A far scattare l’istruttoria della Corte dei Conti era stata una segnalazione di danno della Guardia di finanza di Paola che stava indagando su un centro di accoglienza di Amantea dove aveva riscontrato “una indebita erogazione di fondi a soggetti non legittimati”.

Allargando l’inchiesta, secondo le fiamme gialle “vi erano state diverse irregolarità nella gestione delle convenzioni tra soggetto attuatore e contraenti”. Da qui la Procura regionale della Corte dei conti “desumeva che l’emergenza migranti nella Regione Calabria era stata oggetto di un accordo illecito tra Mazzeo e i rappresentanti dei soggetti privati o pubblici che (senza effettuare una gara anche informale e senza avere i requisiti e garantire le prestazioni stabilite nei provvedimenti emergenziali) avevano ottenuto l’affidamento del servizio di assistenza”. Per quanto riguarda Lucano, però, la Corte dei Conti ha escluso un “previo accordo criminoso” tra il sindaco di Riace e Mazzeo.

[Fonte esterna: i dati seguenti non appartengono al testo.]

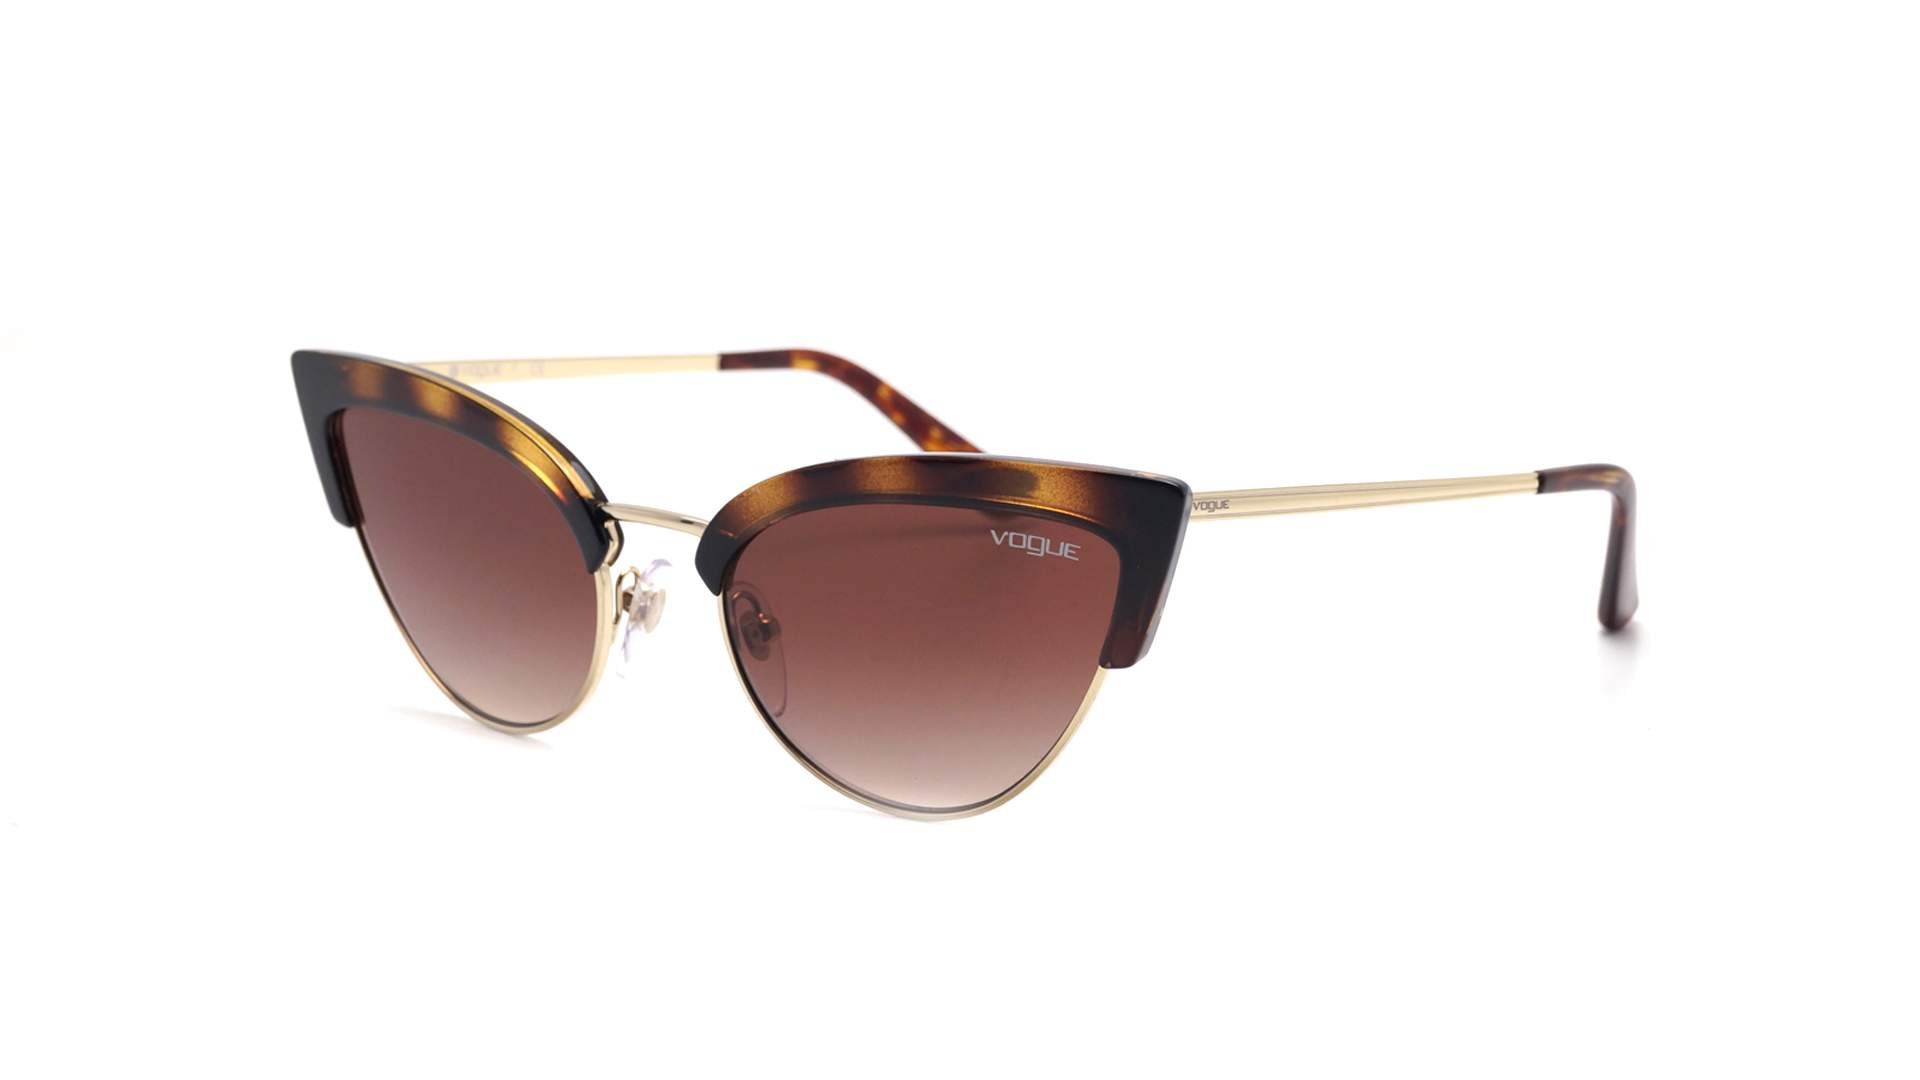 Lunettes de soleil Vogue Retro glam Écaille VO5212S W65613 55-19 Medium  Dégradés 752e0bad7816

Non c’è nessuna “prova di una intesa truffaldina – si legge nella sentenza – peraltro già esclusa dal giudice penale con l’archiviazione.

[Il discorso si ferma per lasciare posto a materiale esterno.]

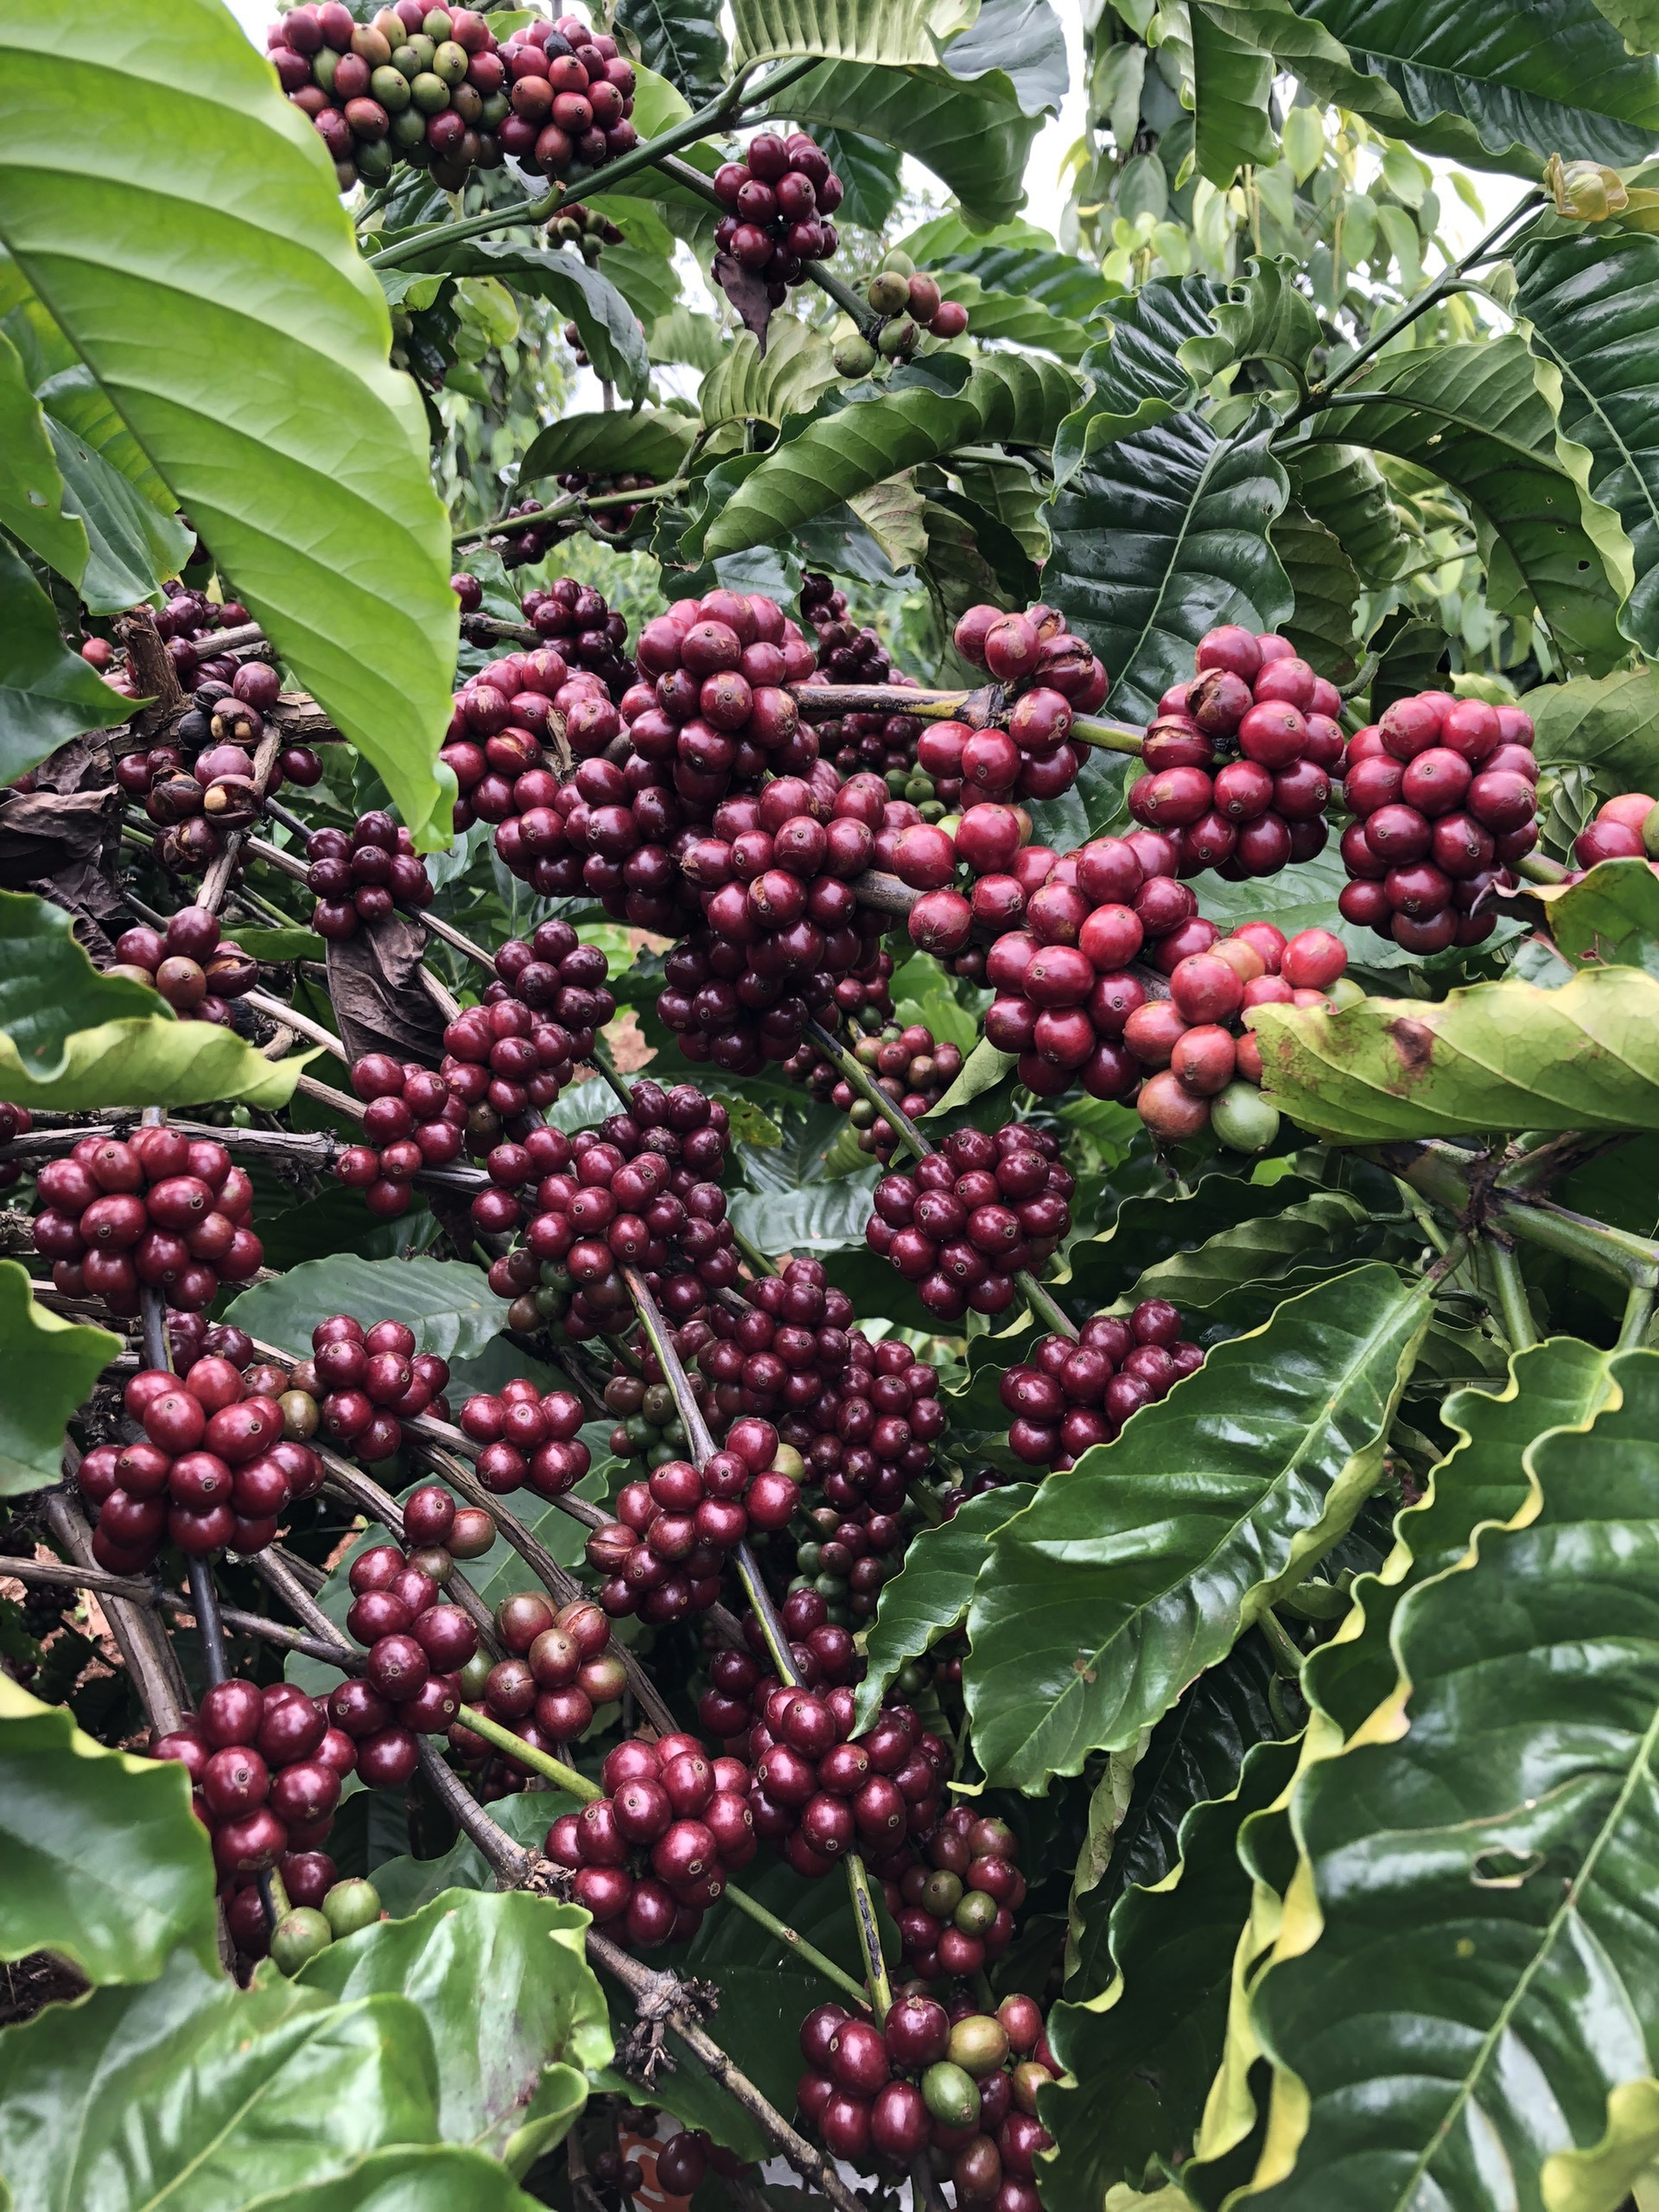 Cà phê nhân sống giá rẻ tại Mơak Farm

“Invero,- scrivono sempre i giudici contabili – risulta riscontrato in atti che il Lucano ed il Comune di Riace vennero contattati direttamente dalla Protezione civile per ospitare i migranti, non per personali rapporti o accordi con il Mazzeo, ma in quanto facevano già parte del sistema di protezione richiedenti asilo e rifugiati (Sprar) per l’ospitalità di profughi, secondo direttive provenienti dal Centro”. Tuttavia, per la Corte dei Conti, è “ben possibile configurare “un dolo”. L’iter seguito dalla Protezione Civile e dal Comune di Riace per dare risposta all’emergenza sarebbe stato “dannoso per l’Erario”, frutto cioè di “grave negligenza”.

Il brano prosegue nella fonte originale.